Converting a class b motorhome to EV

Question
I’m looking at buying a hell of a lot of 18650 cells and connecting them together for a large battery system for the build. I heard from the youtuber jehu garcia that cooling isn’t really necessary on batteries if their discharge stays at 1c (which i think is one amp per hour). I’m looking at around 4500 battery cells to make a ~70-80kw battery. The continuous power rating of the motor i’m looking at is 69kw. I put into the conversion calculator the voltage of the batteries and the discharge rate at max motor power (69kw). Am i doing this wrong? Can i just say that if i’m drawing 70kw from a 70kw battery that’s 1 amp or as i got almost 17,000 amps from the calculator does that mean i’m running the batteries at 4 times their rating when i’m maxing out the motor (that doesn’t seem right)?

Reply

moltenmetal
Absolutely DO NOT make your own battery pack out of 18650s. That would be, frankly, a completely idiotic move.

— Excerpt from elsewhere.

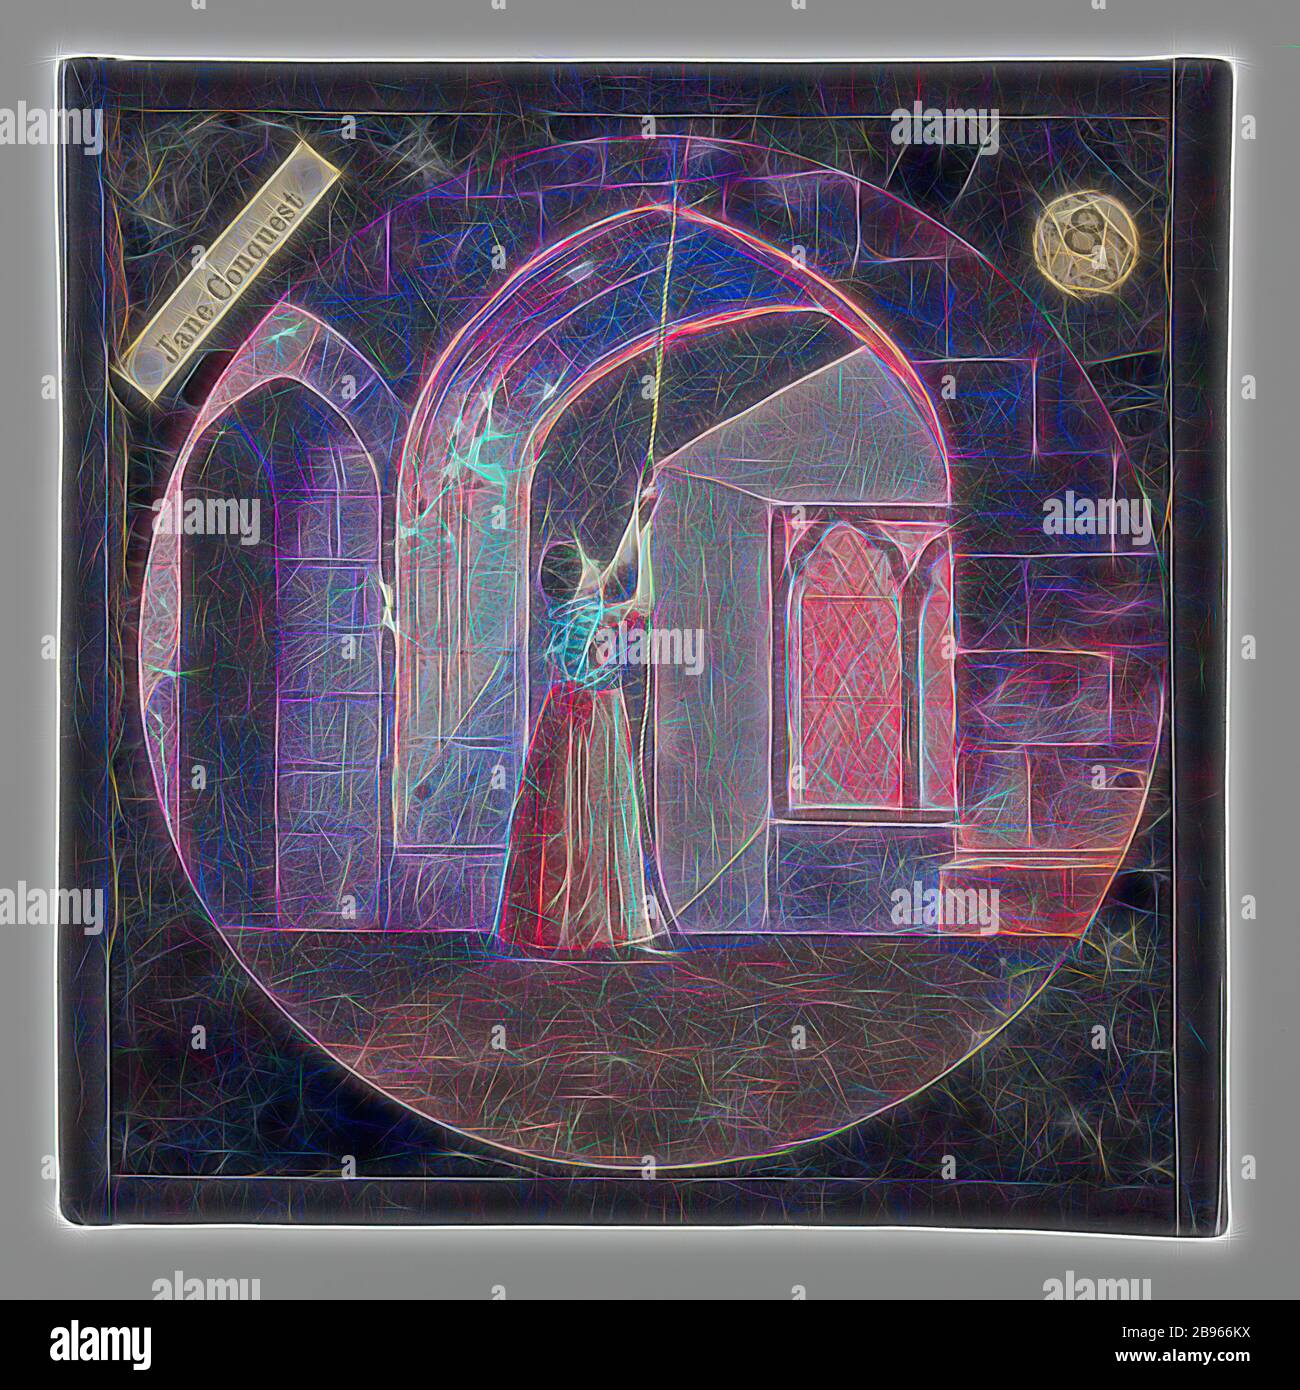 Diapositiva de linterna - 'Jane Conquest', finales del siglo XIX, juego de  dieciséis diapositivas de linterna mágica utilizadas para contar la historia  de Jane Conquest utilizando un proyector de linterna mágica. Un

Also refrain from purchasing what I purchased, which were LiFePO4 prismatic cells. They are selling for virtually the same cost today as I bought mine for back in 2014. You can in contrast buy a Chevy Volt pack, complete from a wrecker, for 1/4 as much money. Those cells have a higher power to weight ratio by a lot, come with a BMS that other people have already hacked/cracked so you can make use of it, comes in nice “bricks” of 24-48 V that you can recombine into new series/parallel arrangements that best suit whatever motor/inverter you end up using etc.

DO NOT attempt to run any conversion without a BMS. A BMS, with at minimum an alarm trip on high and low voltage on every cell (or every group of cells in parallel) is minimally necessary safety equipment for working with Li ion high energy density cells. If you go without a BMS, expect to have a fire, because YOU will end up being the BMS and the likelihood that one day you screw up is very high indeed.

As to re-purposing OEM EV motors/transaxles and inverters- it can be done. It’s not for the faint of heart, and it doesn’t go well in all types of vehicle.

I’m not familiar with drivetrains or suspension arrangements in sprinter vans so will leave it to others to comment.

A trip to www.diyelectriccar.com would be more useful to you than a trip to YouTube in my opinion, as someone who did his own conversion and who is about to undertake another.